What to Do About Receiving Presents You Don't Want

What to do about receiving presents you don't want

If you're into minimalism, you've probably wondered at some point how to avoid your kid being given a heap of gifts you don't want in the house. It's a sensitive issue. So here is the first and most important thing you must do:

Be grateful for every gift you (and your children) receive.

If you can't approach this without an attitude of appreciation, then to be honest, wait until you can. Otherwise you'll just come across as selfish, ungrateful and rude. Just saying it upfront.

With that said. Here are a few tips:

1. Accept all gifts and simply don't buy anything yourself. This approach works for me! When I realised that my kid loved the presents family were giving her, even when they were weird gifts I would never choose, I realised I actually didn't know what the best gifts to buy her would be. So instead of asking others to stop buying her gifts, I started limiting the amount of things I bought her.

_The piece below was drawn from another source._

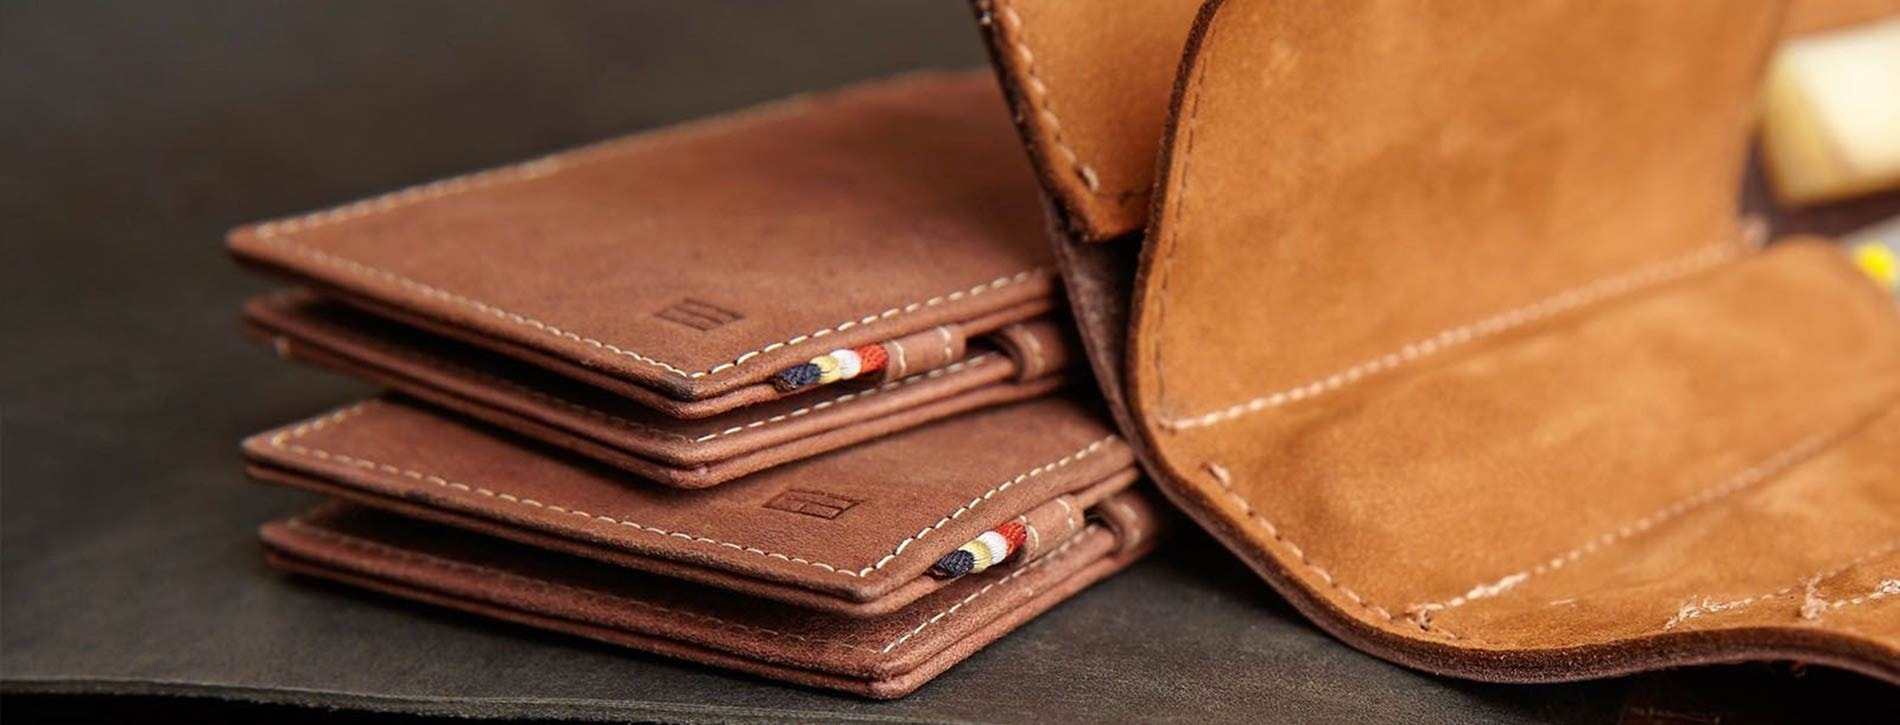 Garzini plånböcker

Same result, just less control over the types of things in the house.

2. Tell gift givers you'd prefer quality over quantity. Ask those who you know will buy gifts to only buy one thing special. This way, you get less gifts and they will last longer. 

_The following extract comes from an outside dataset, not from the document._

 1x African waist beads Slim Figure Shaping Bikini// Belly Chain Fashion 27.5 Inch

3. Tell gift givers you want to teach your kid to appreciate gifts instead of take them for granted. This is another approach to ask for one gift per gift giver. This works well for older generations who like to spoil grandkids but also have a 'kids these days are spoilt' attitude.

4. Create a list of things you would like, so if people ask you can tell them your ideas. If appropriate, let people know you've got a list if they need help with ideas. You could even suggest buying special gifts which will be used instead of played with (e.g. bed sheets, library bag, special shoes, drink bottles). These gifts allow people to express creativity and find unique items without taking up extra toy space in your house - after all, you need those things anyway. 

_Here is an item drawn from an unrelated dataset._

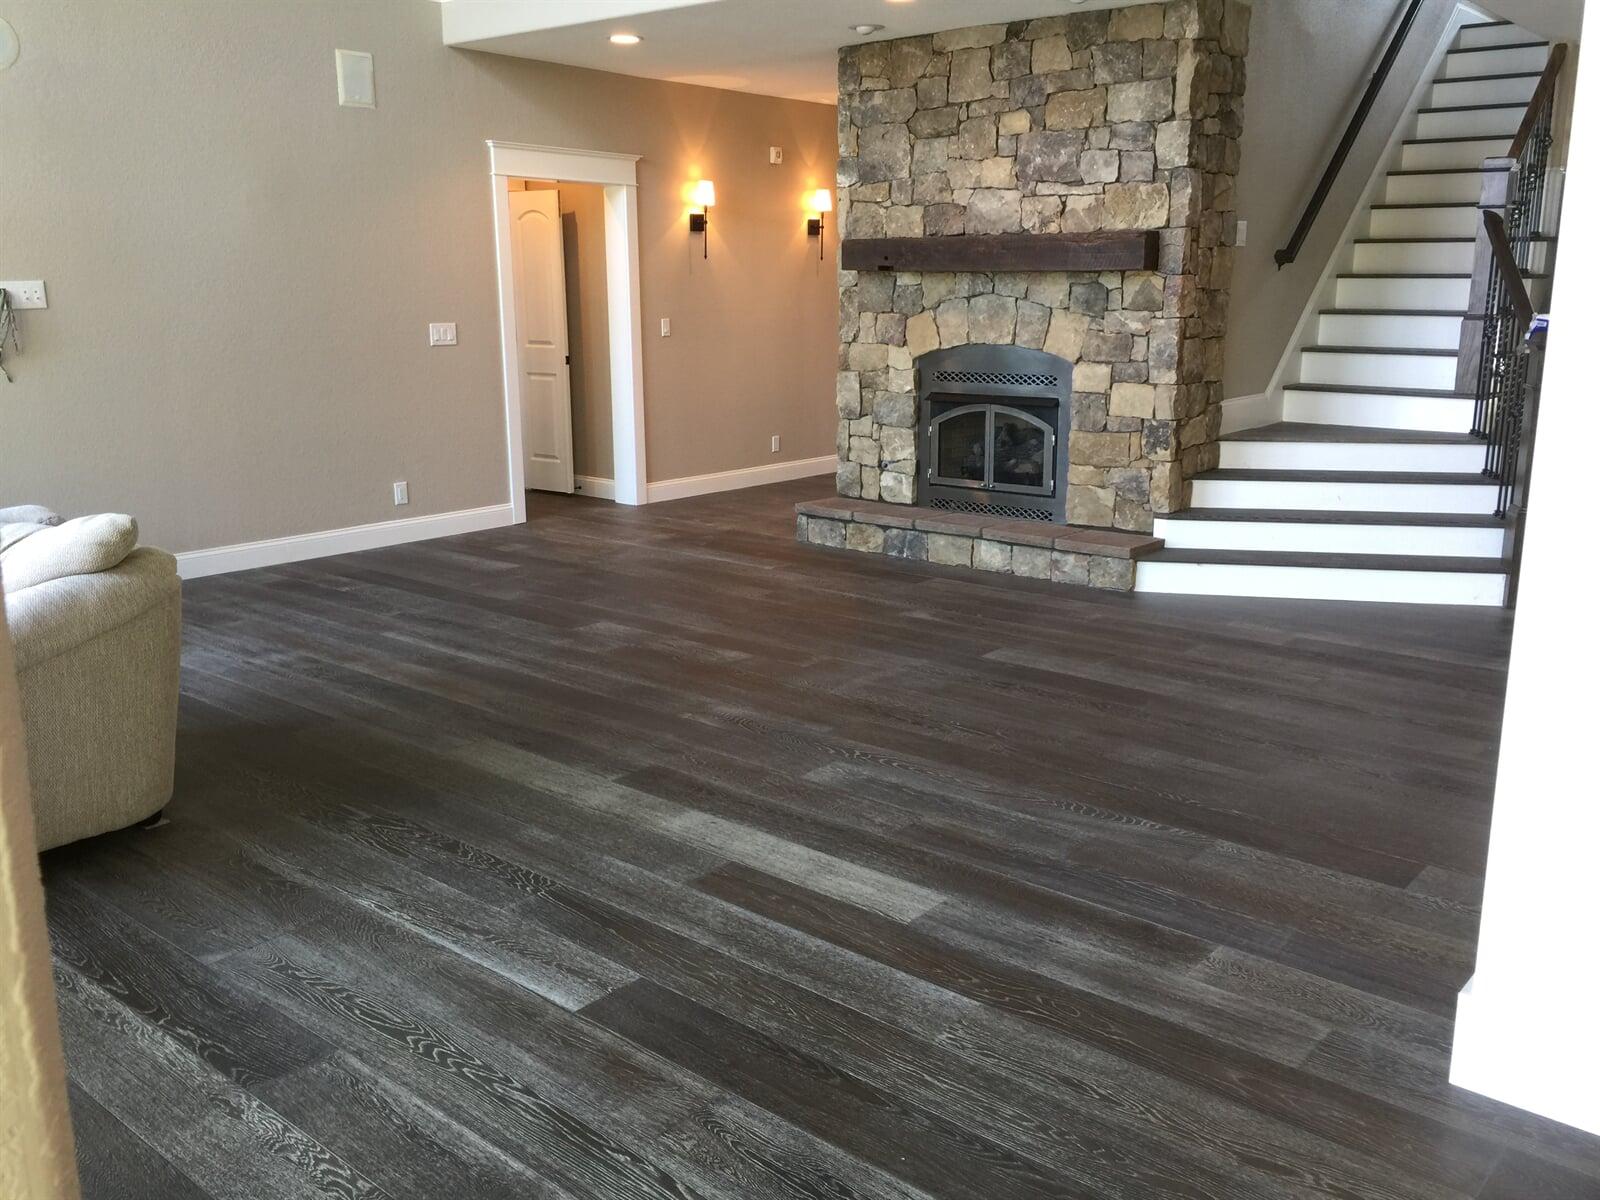 Modern wood look flooring in Lynchburg, VA from The Floor Source

5. Explain why you are cutting back on gifts or why you have changed your approach to gift giving. Sometimes people just need to understand why it matters to you. Try asking what they want to get out of giving gifts, as this is a really helpful conversation to have, too. They might want to make special memories with your kids, or be the one to give the favourite toy - whatever their motivations, you'll be able to work out some ideas or approaches that suit both of you.

6. Ask them to keep some gifts at their house so your kid has things to play with when you visit. This is a great approach if they give you gifts that are difficult to store at your place too.

7. Ask for experiences instead of things. This could be vouchers to somewhere, or even a 'voucher' to a special date with the gift giver (e.g. morning tea).  

When people really don't want to give up buying gifts, or buy ridiculous things:

8. Do a declutter while they are visiting . Let them see how ruthless you are and how much isn't kept in your house. They won't want to buy things if they know the gifts will just be taken to the op shop. They'll also see what sorts of things you don't keep.

9. Instead of cleaning when they visit, literally make the biggest mess you can with all the toys the kids have. Have toys everywhere. Most people will be shocked into thinking 'they already have everything, I better just buy things they need' or 'these kids have too much stuff, I better just buy experiences'. (This approach may not work if you're already a minimalist.)

And when you get things you just really don't want:

10. Re-gift it to someone else or donate it. Pretty simple for babies or toddlers who will forget about things once they're out of sight. A bit harder to manage with older kids. Whatever you do, just make sure you still appreciate the thought and intentions behind the gift. 

Or learn to appreciate gifts you didn't want.

11. Find a way to use it and appreciate it. Seriously, try relaxing a little bit. Let the kids enjoy the gift until they don't anymore, and then make the move to pass it onto some other family who will enjoy it again. And sometimes things can have a different use than perhaps intended. For example, random objects can make great flower pots, and hand me down clothes can become teddy bear clothes.

I realised early on that while this is my home and I get to choose what stays and what doesn't, I also don't get to control every aspect of my kid's childhood. So what if they like some big clunky toy that I would never have chosen? So what if they'd prefer to have an ugly toy instead of a cute, classic one?

It helps to remember nobody gives your family gifts because they want to annoy you. Most people buy things they genuinely think your family will love - because they love you. So, however hard it is, maybe it's ok to actually just accept gifts and enjoy them for a little while. Even if those gifts aren't things you'd choose for yourself or your kids. Maybe that's not the most minimalist approach, but it's certainly a more mindful one, because it's important to be mindful of everyone - the gift giver and the kids included.